§ **Supplied material**
● ● ●
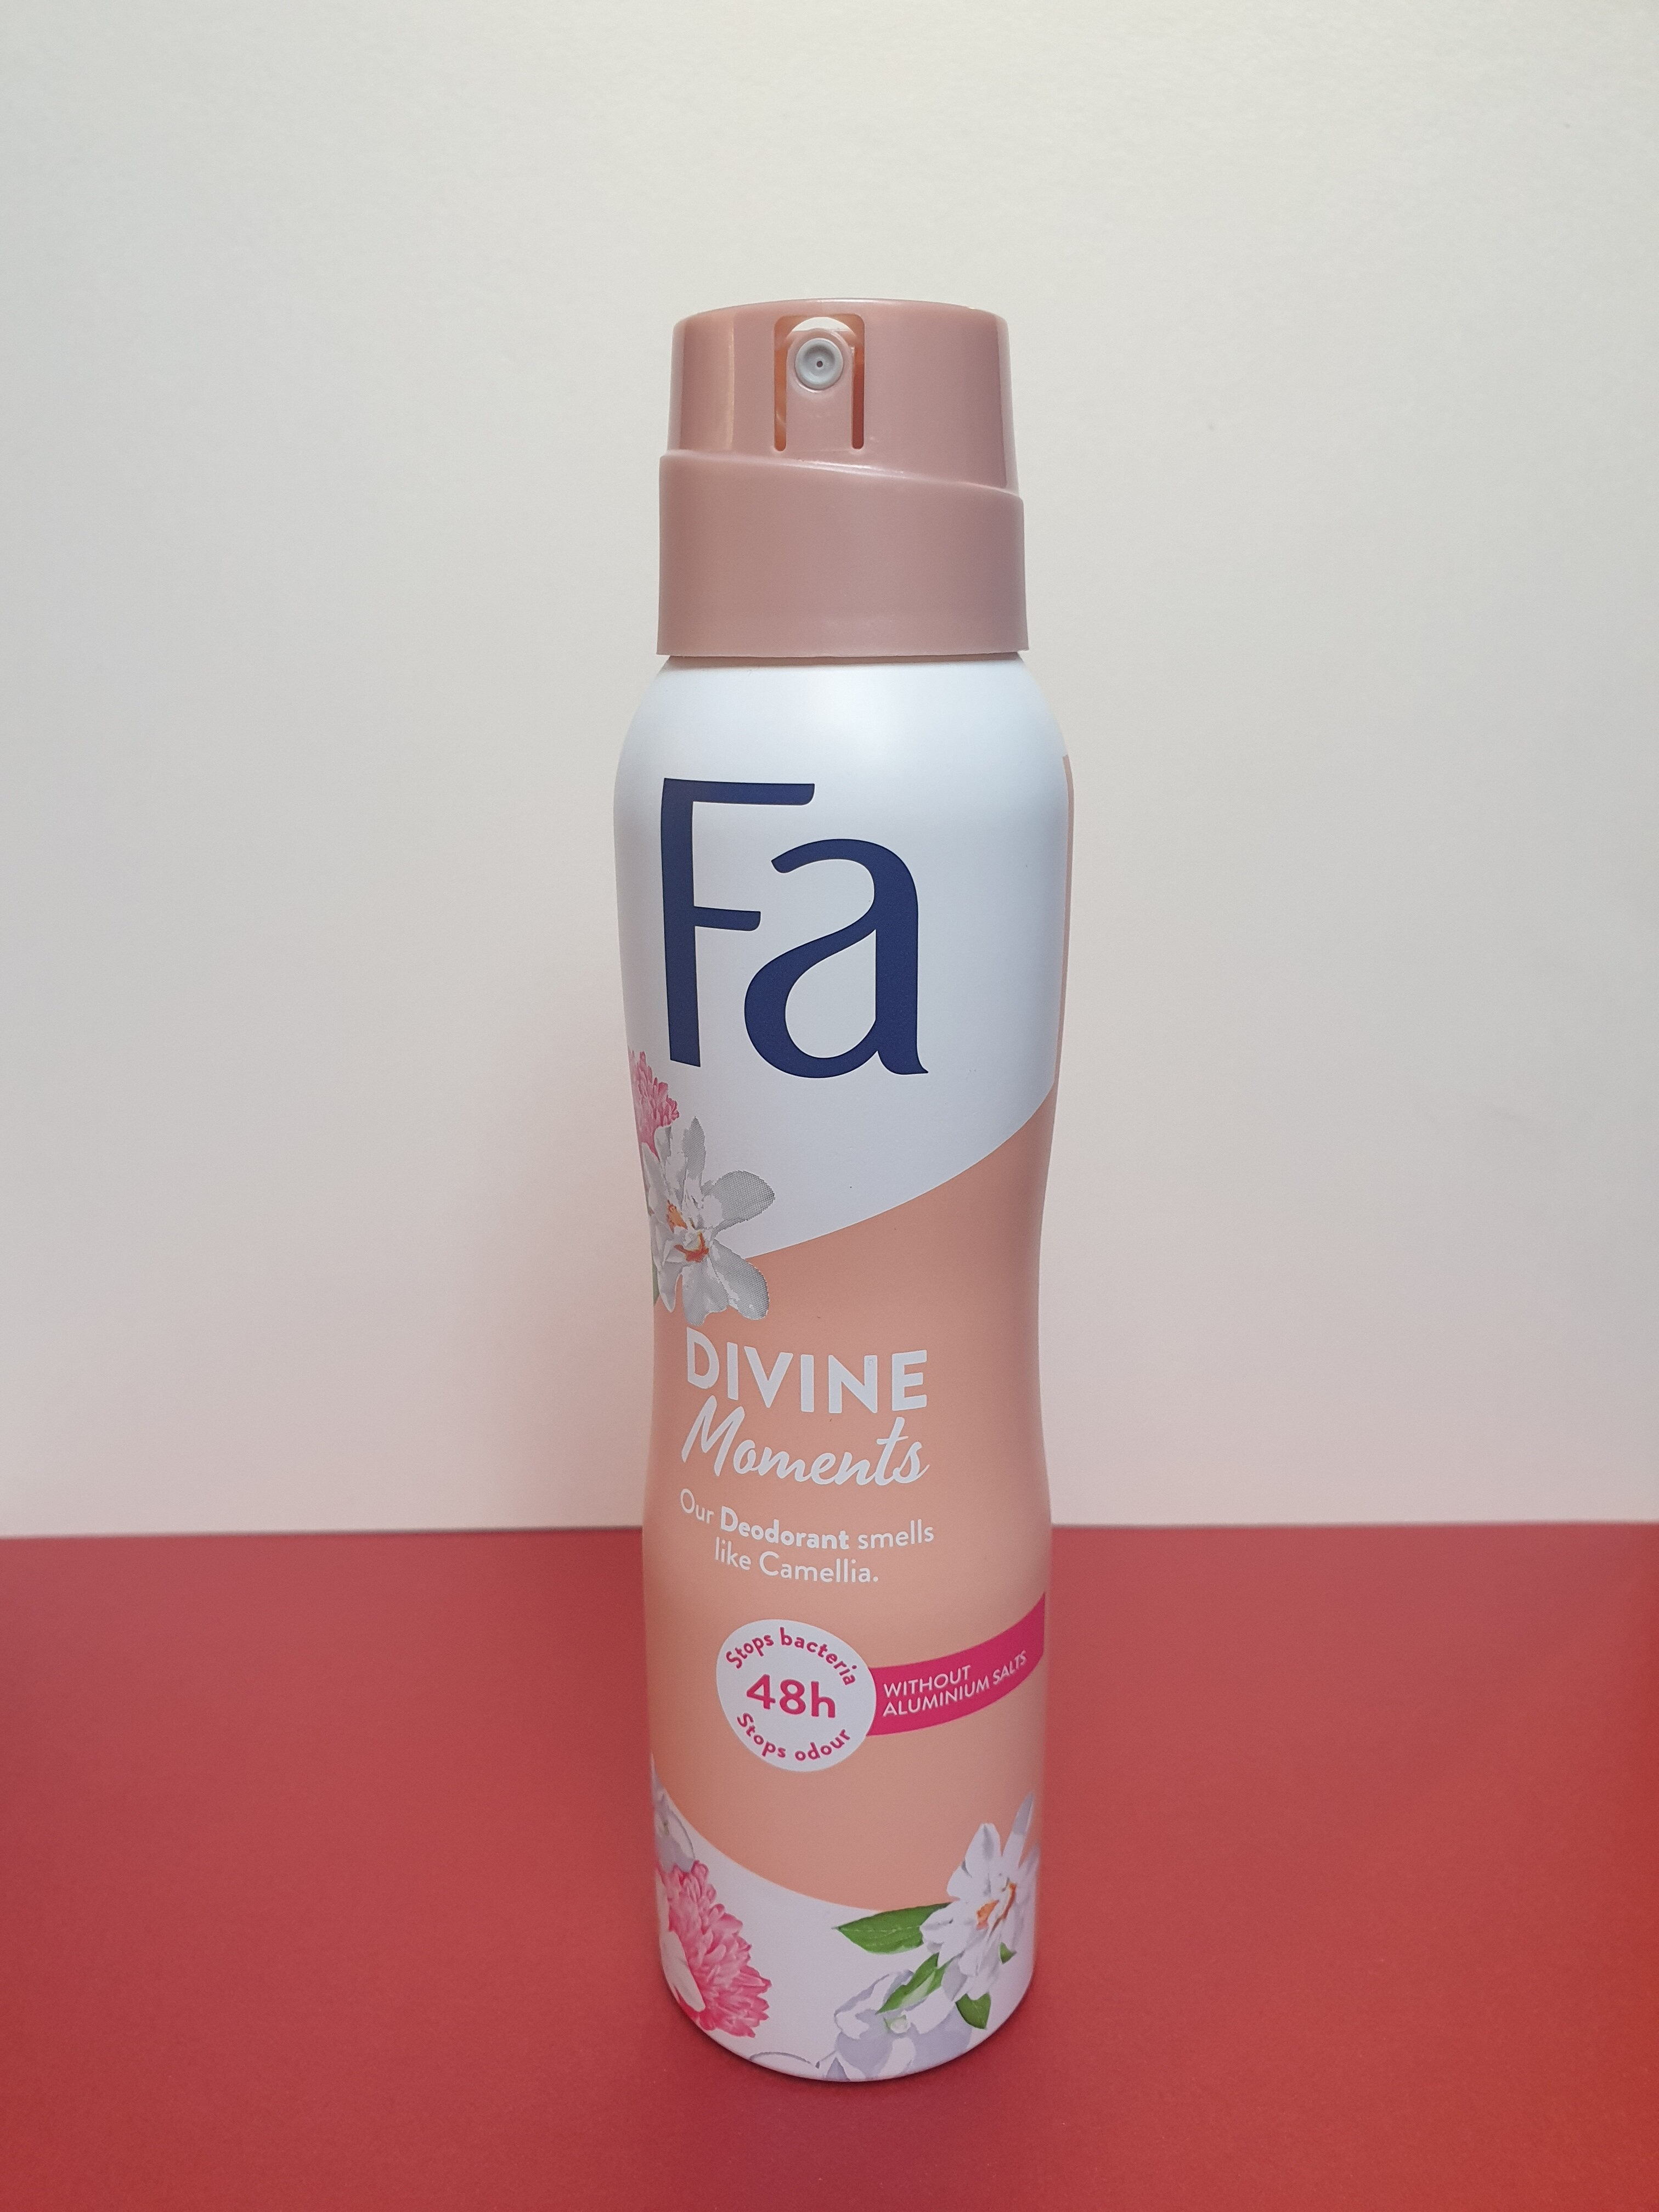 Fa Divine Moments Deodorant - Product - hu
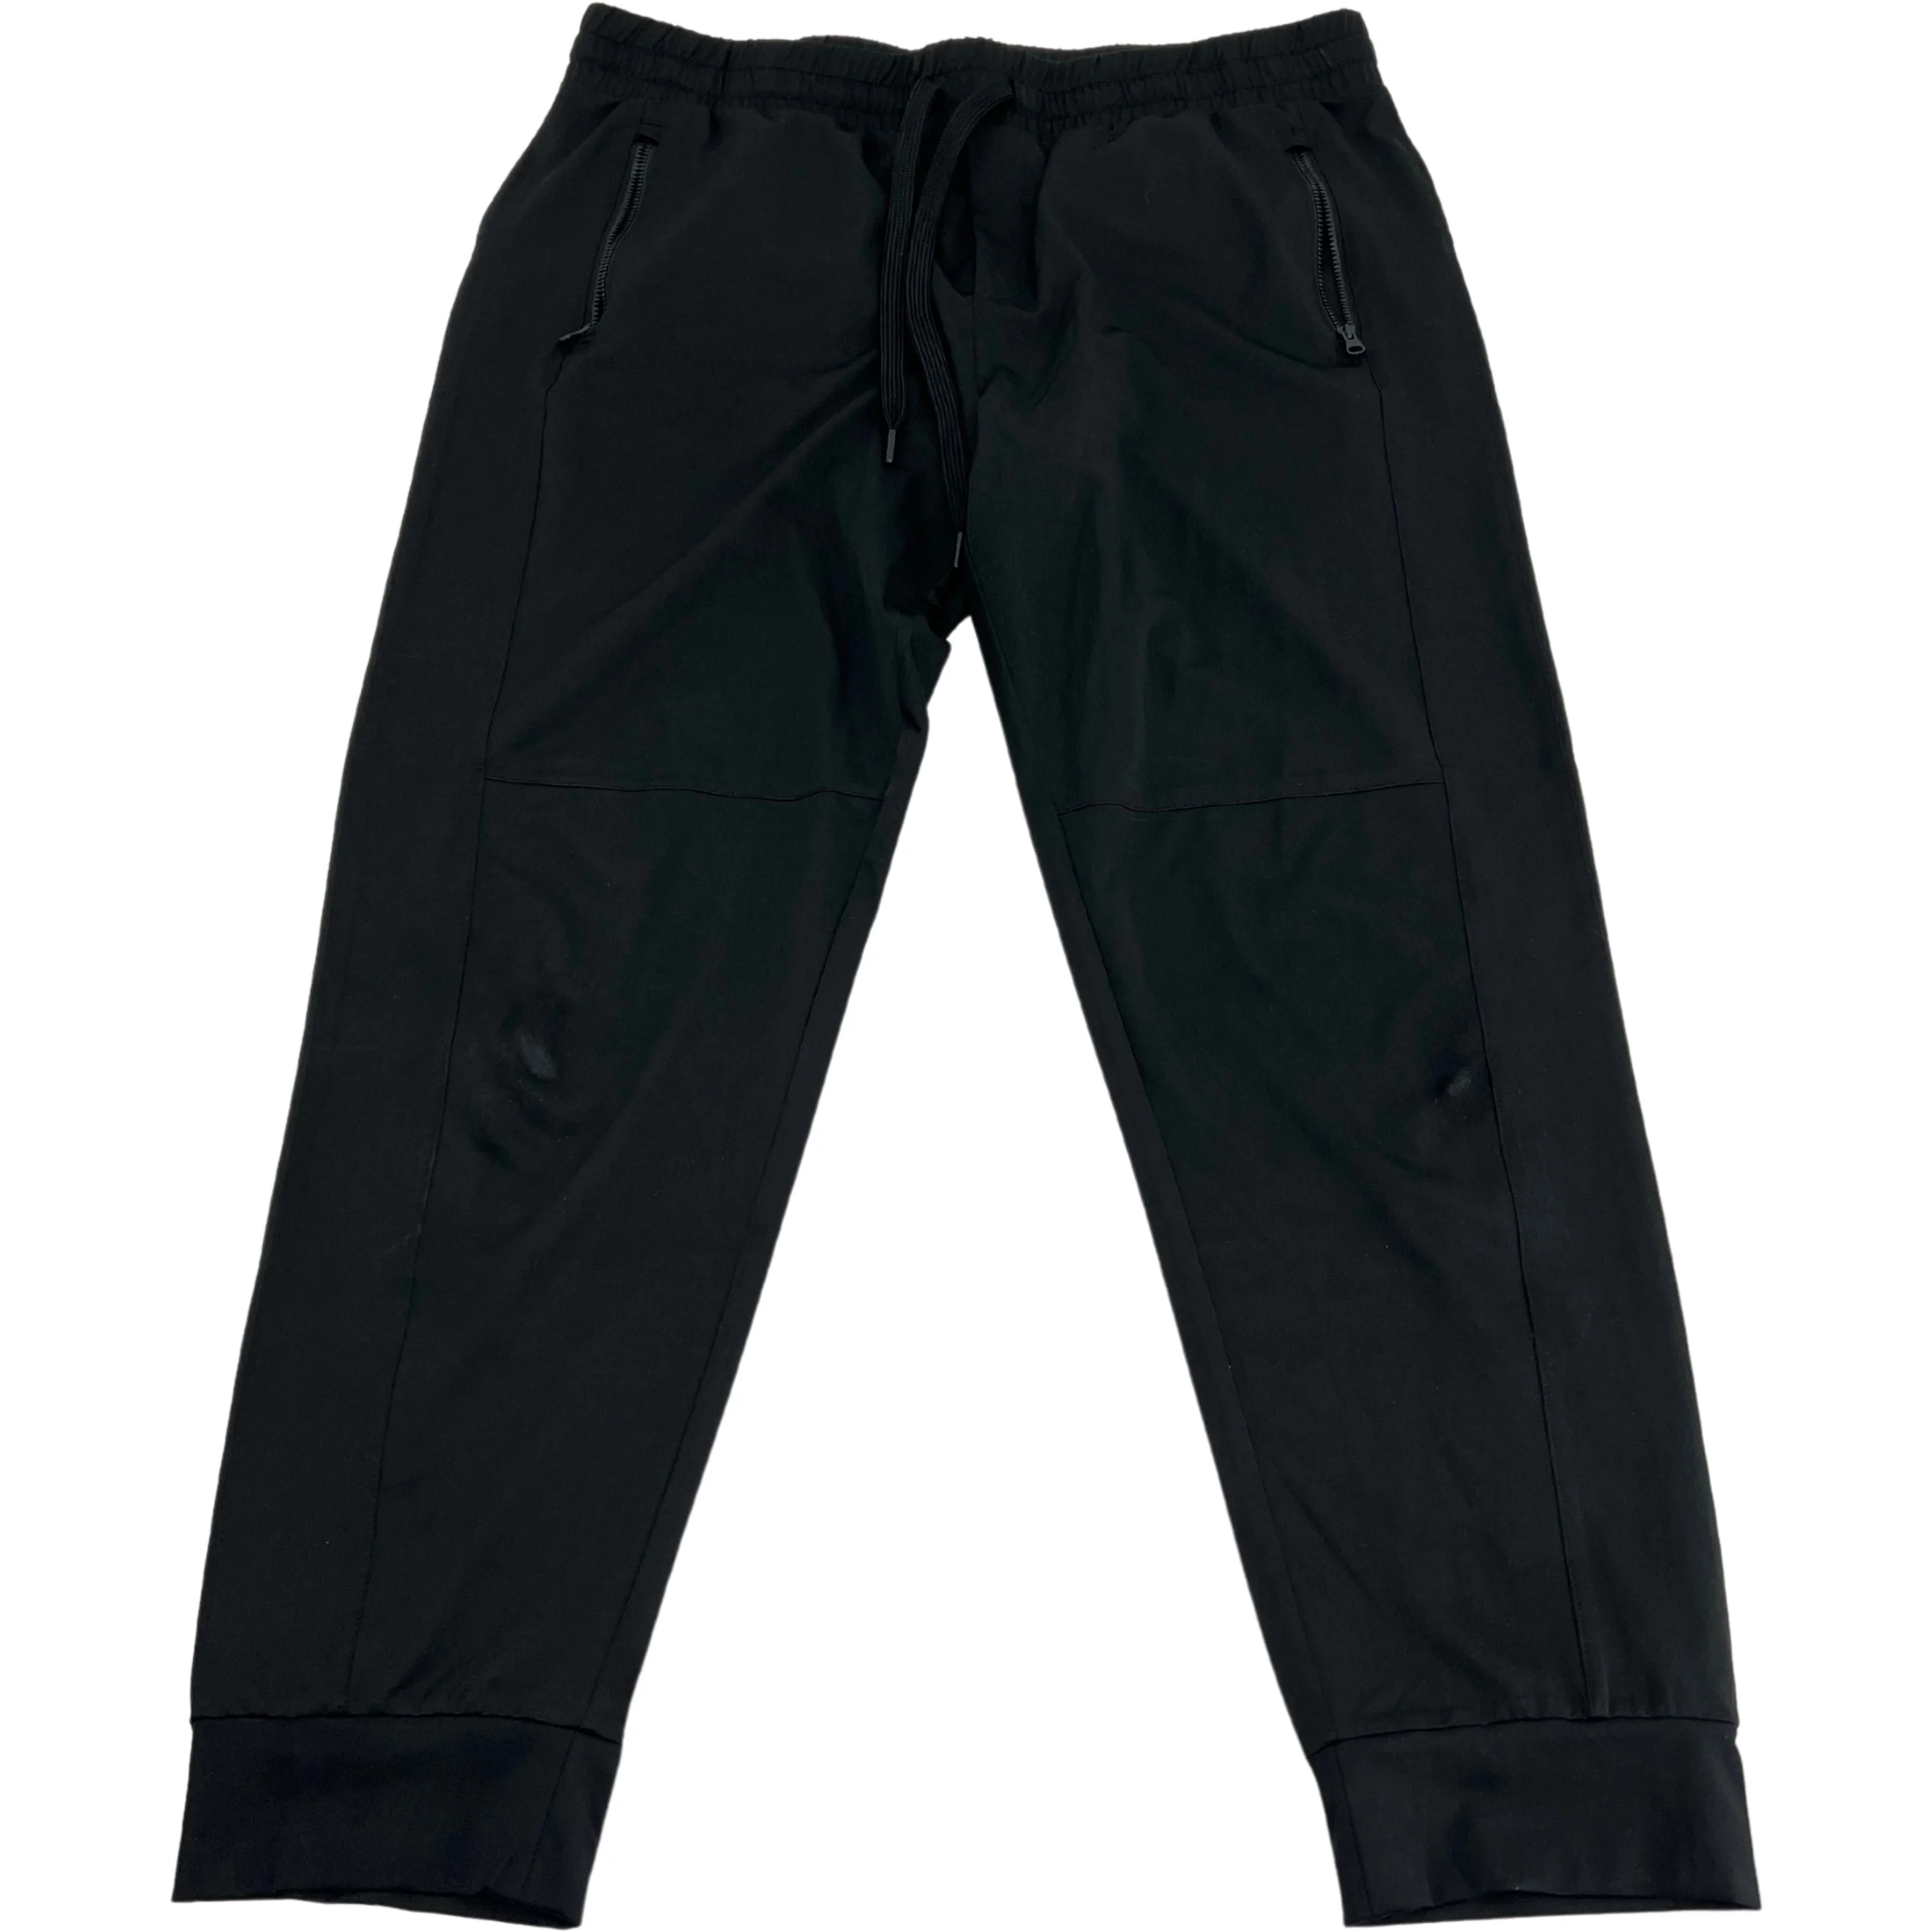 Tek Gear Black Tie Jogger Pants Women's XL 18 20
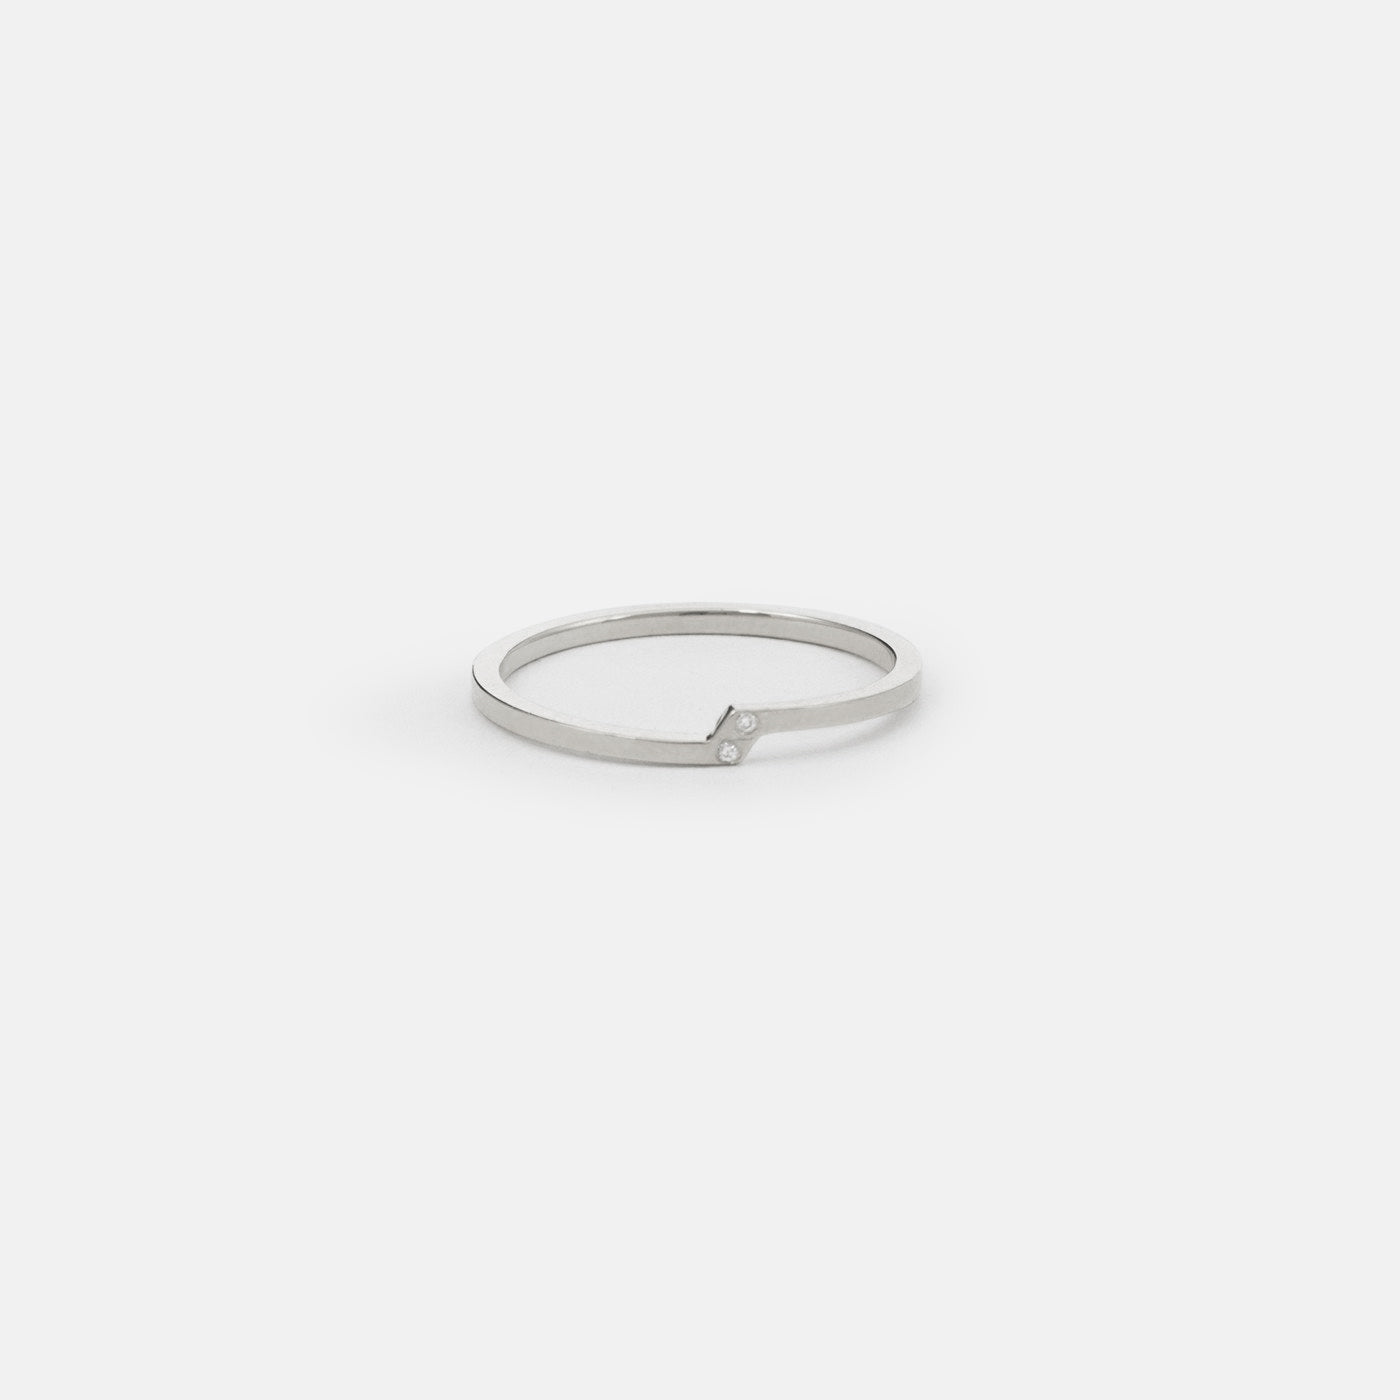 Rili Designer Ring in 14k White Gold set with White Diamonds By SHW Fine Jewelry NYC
● ● ●
§ **Task to complete**
Counting the line with "Tek Gear Black" and the last line of the data above, transcribe those two lines and every line between them exactly, without the pictures.

§ **Exercise answer**
 Tek Gear Black Tie Jogger Pants Women's XL 18 20
 Rili Designer Ring in 14k White Gold set with White Diamonds By SHW Fine Jewelry NYC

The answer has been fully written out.